(Exercise directions):
Copy all lines below exactly as written. Leave pictures out.

Start of Supplied material

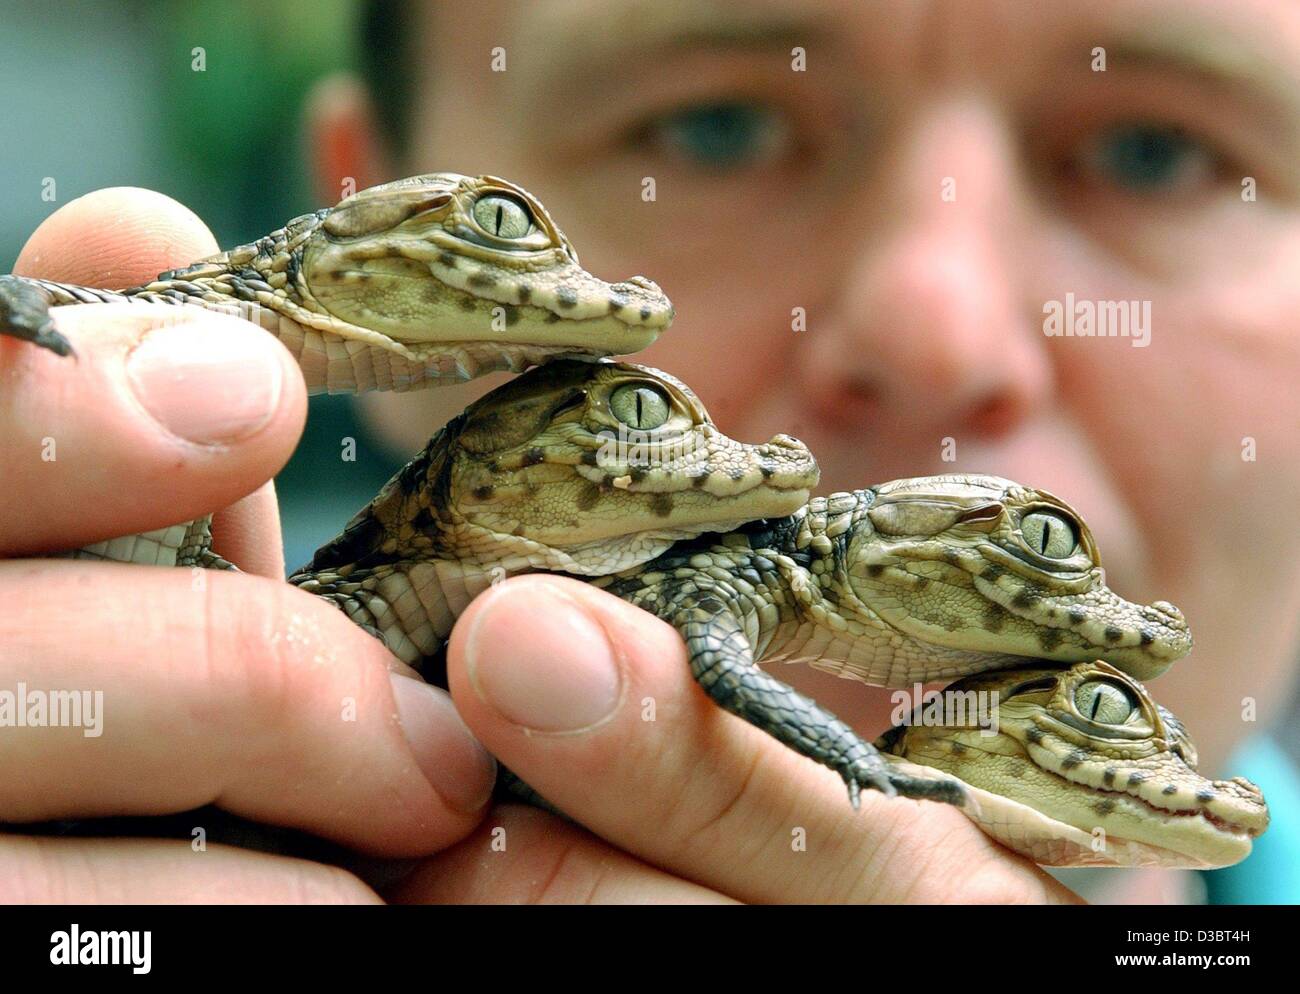 (dpa) - Shop owner <b>Torsten Seibt</b> holds up four spectacled caiman babies only ... - dpa-shop-owner-torsten-seibt-holds-up-four-spectacled-caiman-babies-D3BT4H
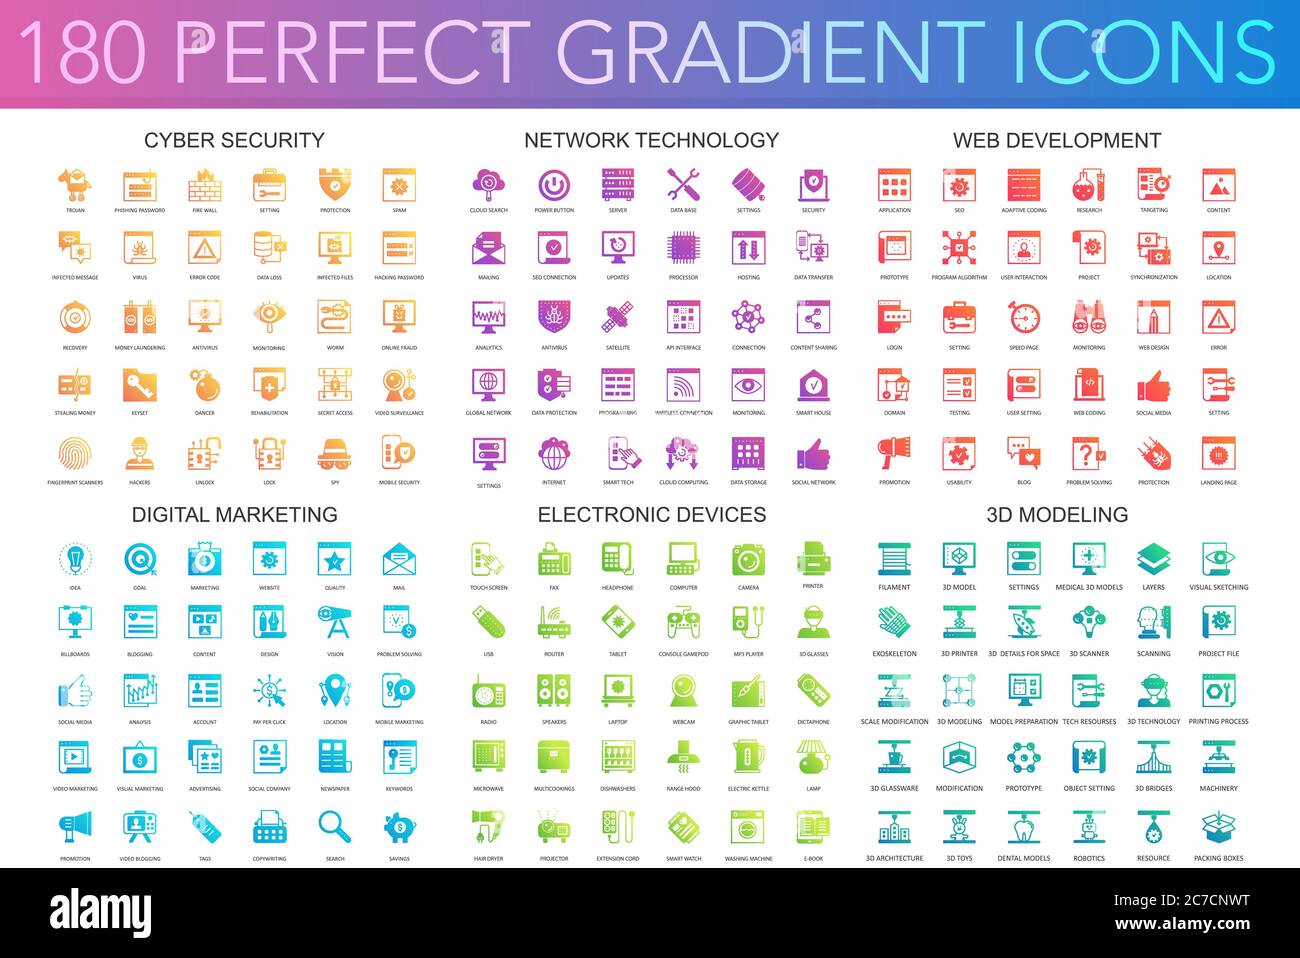 180 trendy perfect gradient icons set of cyber security, network technology, web development, digital marketing, electronic devices, 3d modeling Stock Vector
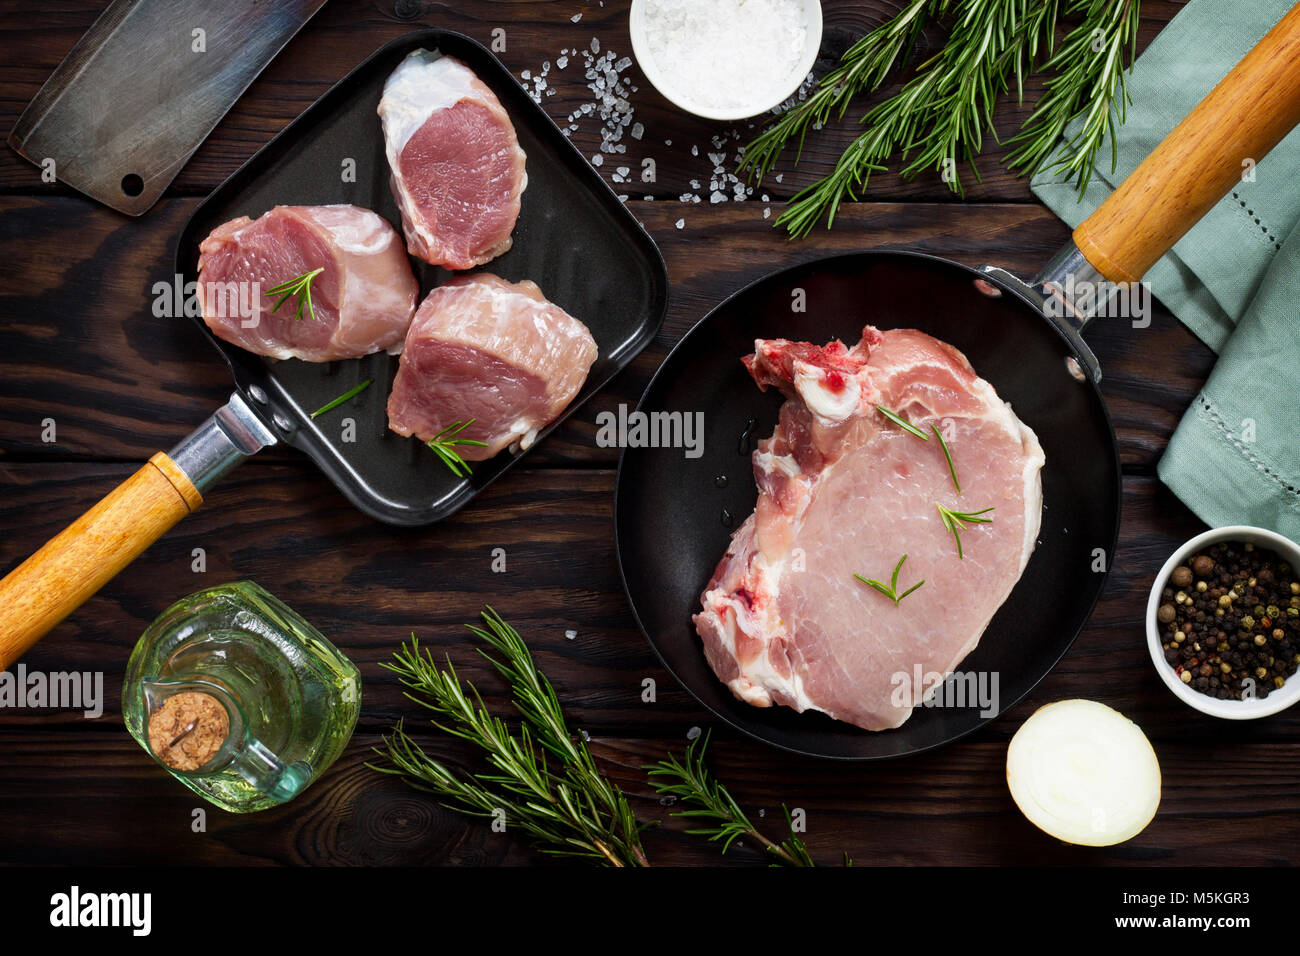 Fresh various meat. Raw pork steak and cutlets on a cast iron frying pan, spices and fresh rosemary on a kitchen wooden table. Flat lay. Top view. Stock Photo

End of Supplied material

(Answer box):
 (dpa) - Shop owner <b>Torsten Seibt</b> holds up four spectacled caiman babies only ... - dpa-shop-owner-torsten-seibt-holds-up-four-spectacled-caiman-babies-D3BT4H
 180 trendy perfect gradient icons set of cyber security, network technology, web development, digital marketing, electronic devices, 3d modeling Stock Vector
 Fresh various meat. Raw pork steak and cutlets on a cast iron frying pan, spices and fresh rosemary on a kitchen wooden table. Flat lay. Top view. Stock Photo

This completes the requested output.